You read that right. The album has a DJ speaking every three or four tracks to introduce a song, making them seem like a radio track-list. It really was a great way of doing things, even if it's been done before (Queens of the Stone Age did it, right?).

Oh right... so, did any tracks stand out then?
A few; I have a weakness for Kristina Horner, so when she and Luke Conard sang  Mirror Song I fell in love with the song. Beforehand, I'd only been able to hear that version on YouTube. There's a solo version of the song, too, which is good but not my favourite of the two. Without making my list of Favourite Songs from the album too long, I'll just give one other song a mention - Forgiven. I'd heard a cover of this song on the EP Taking Leave (Alan Lastukfa and Tom Milsom), and the two versions are so different! I mean, they're barely recognisable as the same song. I'm still not sure which one I prefer!

Is the album recommended?
Well I liked it! If I had the money, I'd have bought it a long while ago, but my online purchases have been restricted to cheap books and birthday presents. The album is really catchy, though, works great a whole piece of music and it's full of great songs! Buy it and love it!

Welcome Back to Hysteria

Back to this wonderful thing we call the Internet, or the World Wide Web. I prefer the latter - it implies we're trapped. Damn Web... Grr!

This have been... interesting. I started a wonderful tale of sin and destruction... I really ought to get that checked out. My attraction to destroying things (which two people will see in the story...) is a bit odd. I think it's part of the world of fiction, having the power to create and destroy whatever you want. Yes, novelists get to play God. Deal with it. We're normally a lot more introvert in person.

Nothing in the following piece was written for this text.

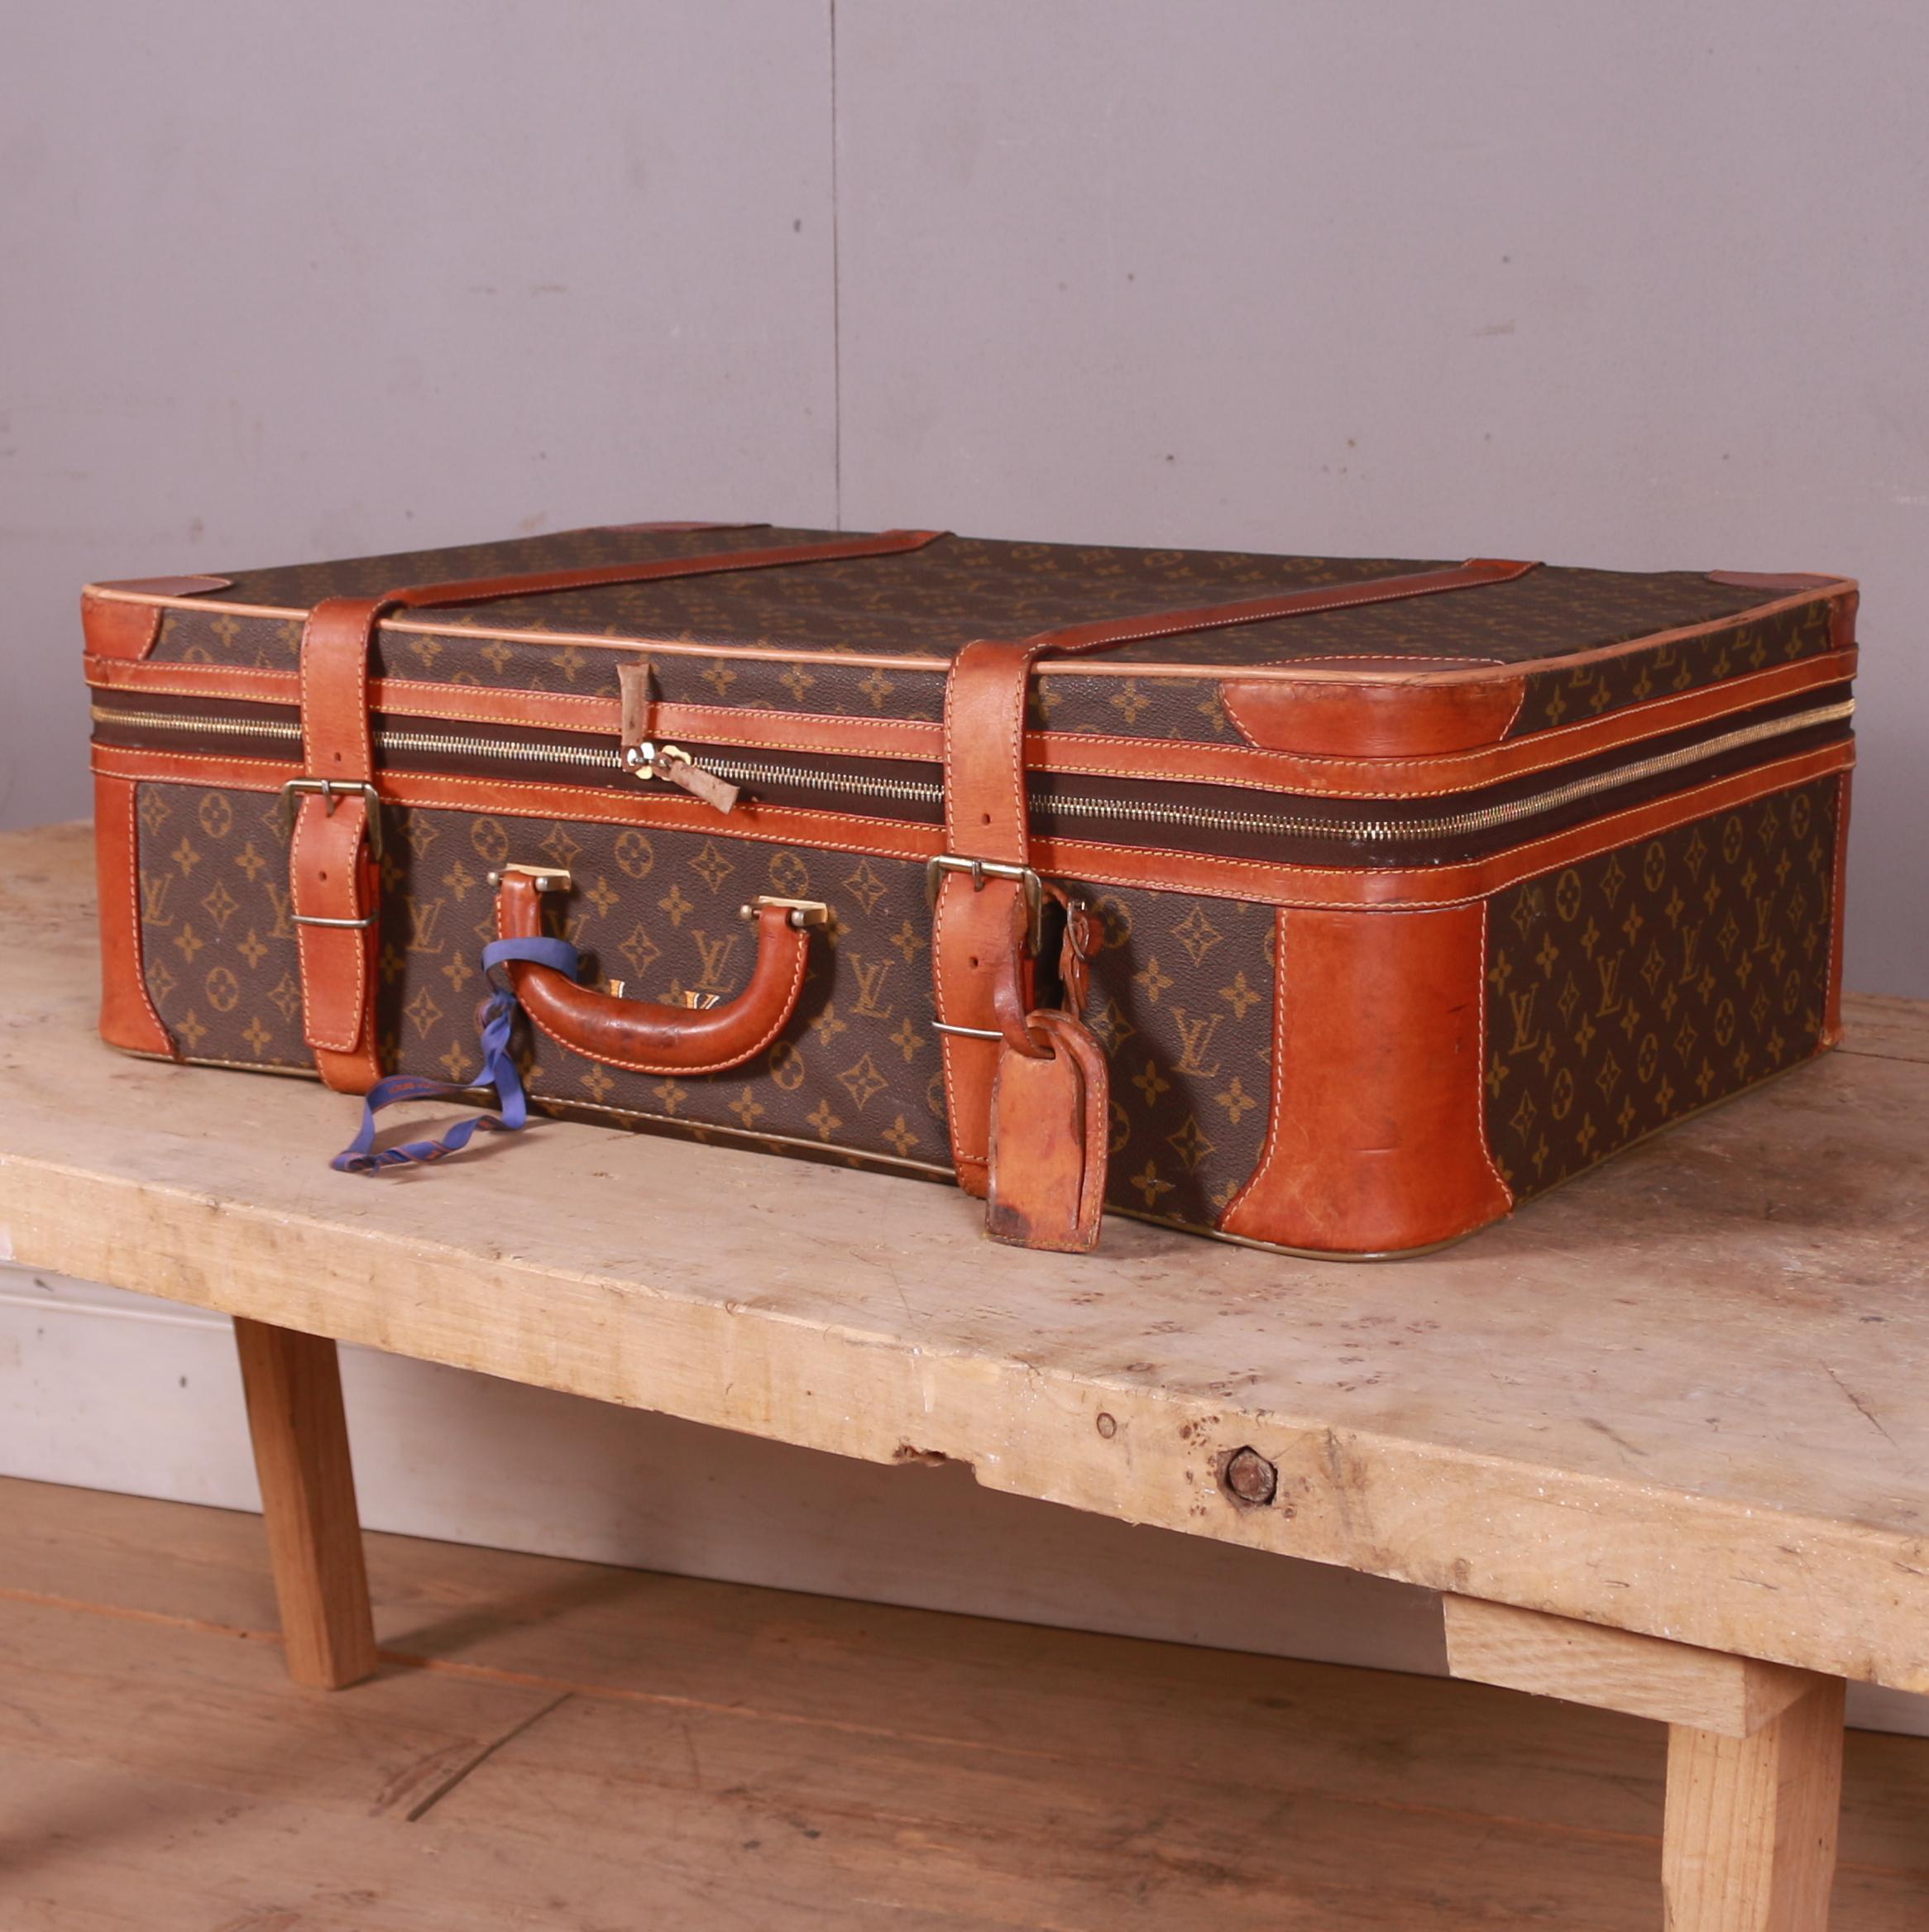 A vintage Louis Vuitton leather monogram suitcase initialed with

I'm enjoying the sin story, though. I don't want to give too much away, because I'd like to keep the idea as original as possible, but it's fun to write. I get to bend reality a bit, fashioning a world in darkness.

Aside from that, I've been on a school visit, written an essay, done some lesson plans and gotten a few things on track. I had great big plans for something that I've been talked out of doing. I let myself get talked out of it, because I wasn't entirely sure what to do about it. Big thanks to Rebecca W for that; I needed to hear what she told me.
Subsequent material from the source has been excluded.